Surgeons should aim to perform the last operation first. A “perform the last operation first” rule does not, however, mean that excessive and unnecessary procedures are desirable: they are not. This rule does, instead, suggest that seemingly conservative surgery may be the riskier strategy if this minimalist approach is associated with a high risk of failure.
By definition, a structure will fracture when it is subjected to a load which exceeds its strength. When bone is weakened by disease and the amount of force required to break it is reduced, the fracture is said to be a “pathological fracture.” In other words, a pathological fracture is one that results from a load that would not cause injury if the bone were of normal strength. The two most common causes of pathological fracture are tumors and metabolic bone diseases such as osteoporosis. In patients with cancer, a pathological fracture can occur because the bone is replaced by tumor. A tumor can also weaken the remaining bone due to the actions of hormones released by or in response to the tumor. Last, treatment of the tumor can also weaken the bone (e.g., drug therapies such as steroids).

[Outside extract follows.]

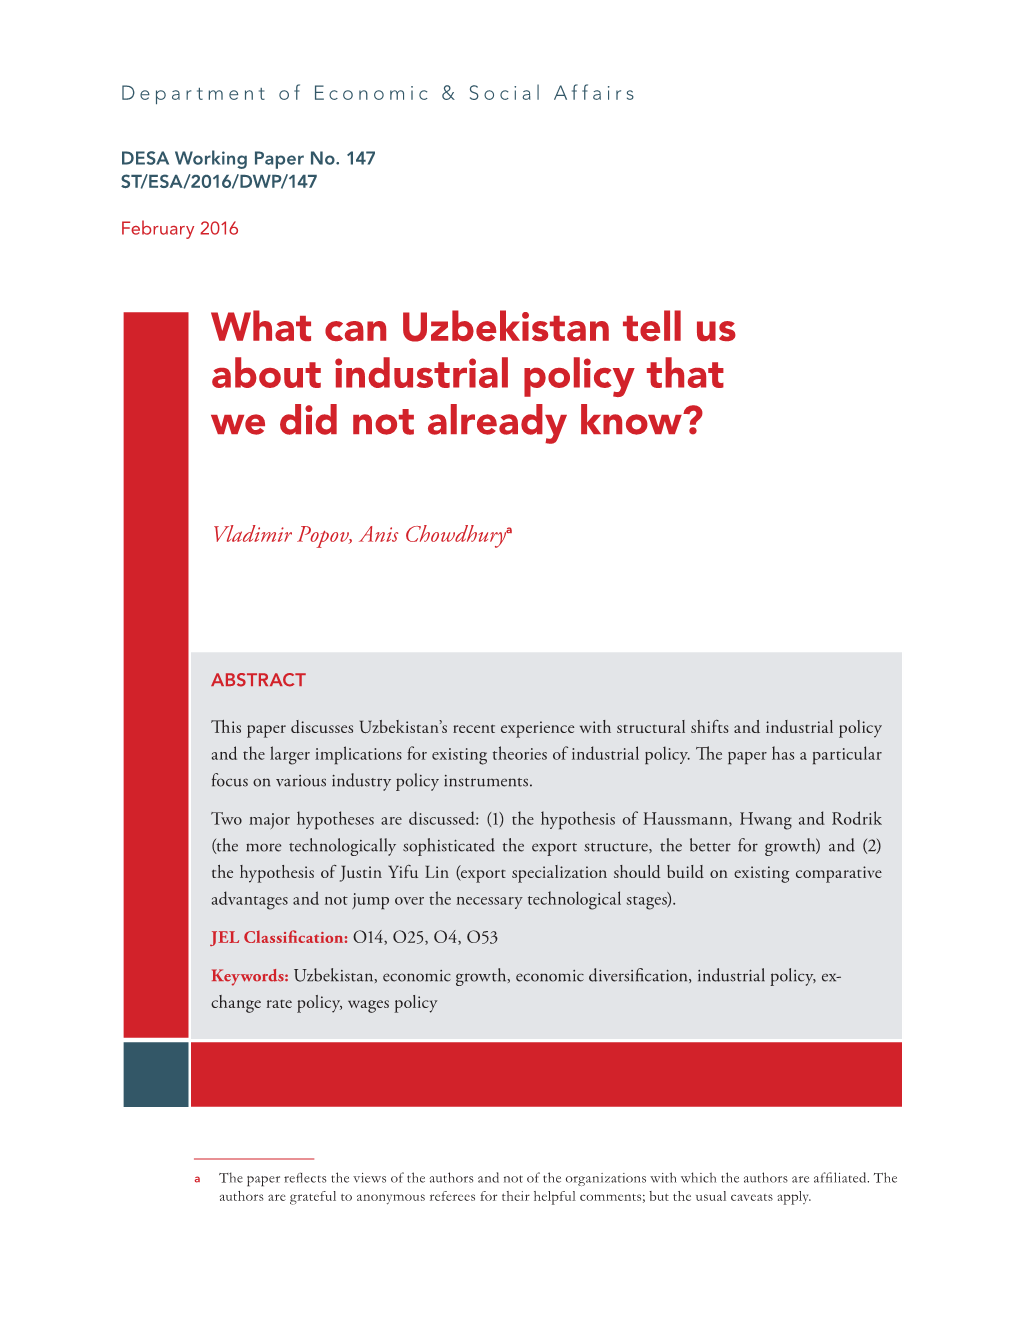 What Can Uzbekistan Tell Us About Industrial Policy That We Did Not Already Know?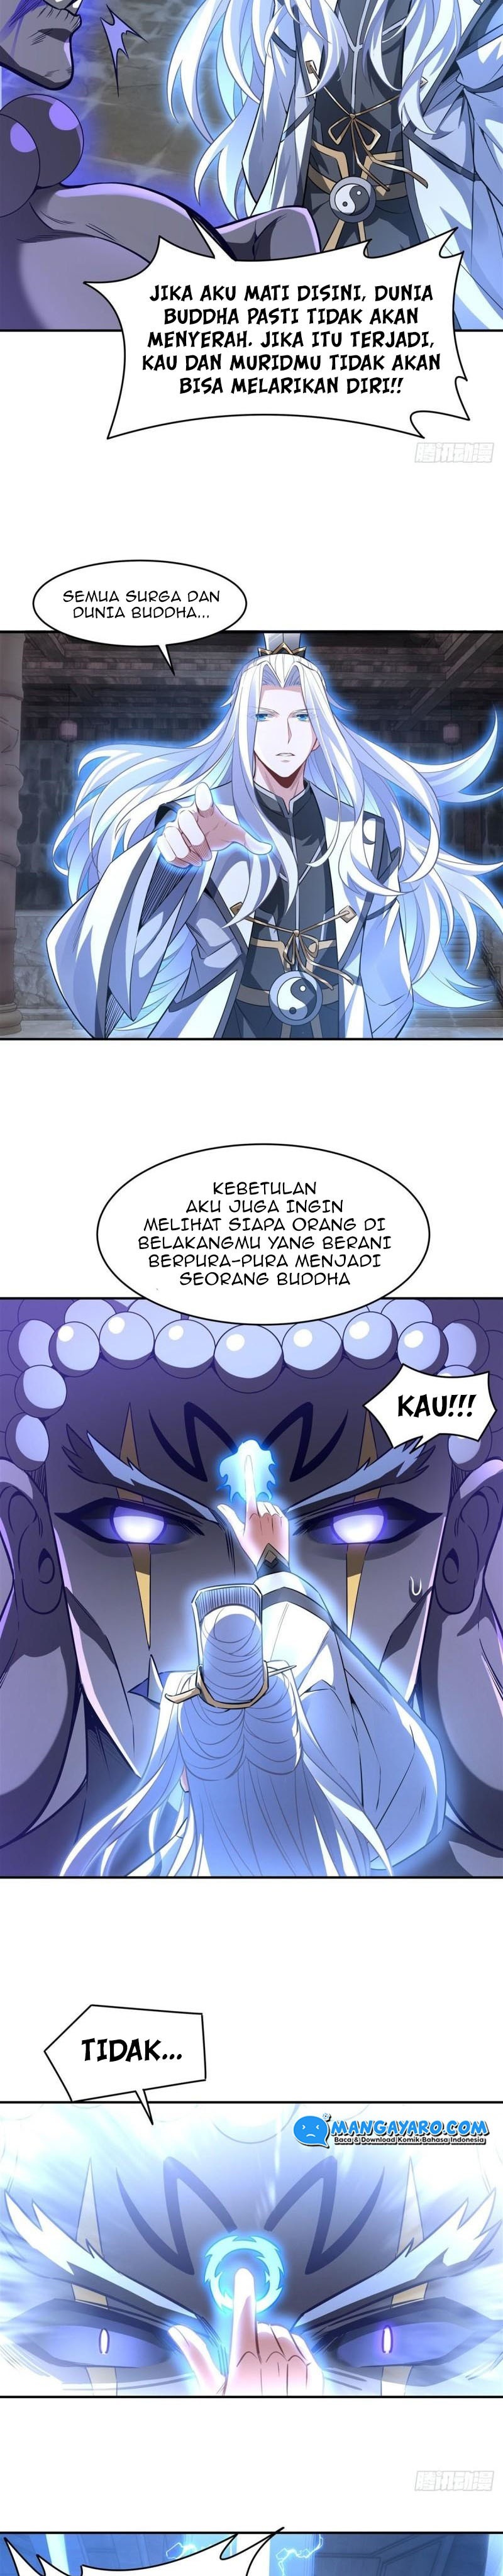 Dilarang COPAS - situs resmi www.mangacanblog.com - Komik my female apprentices are all big shots from the future 069 - chapter 69 70 Indonesia my female apprentices are all big shots from the future 069 - chapter 69 Terbaru 5|Baca Manga Komik Indonesia|Mangacan

Mirel’s score was published in 1989 based on retrospective observations of patients with known lesions that did not undergo prophylactic fixation. Patients were noted to either progress to fracture or not. The score was seen to have high sensitivity (91%) but low specificity (35%). In other words, a low score can be used as a screening tool to identify patients at low risk for fracture, but a high score will capture both high and low risk patients. Indeed, if the score were used alone, up to two-thirds of patients could receive unnecessary prophylactic surgery. Furthermore, although the site of the lesion is included in the score, further work elucidated that the site is in fact not an independent predictor of fracture. Another major limitation is that the score can only be used for long bone metastases and not very commonly found spinal lesions. It is likely that as imaging modalities improve and machine learning techniques are applied to large series of patients, future protocols will be both more sensitive and more specific than the Mirel score.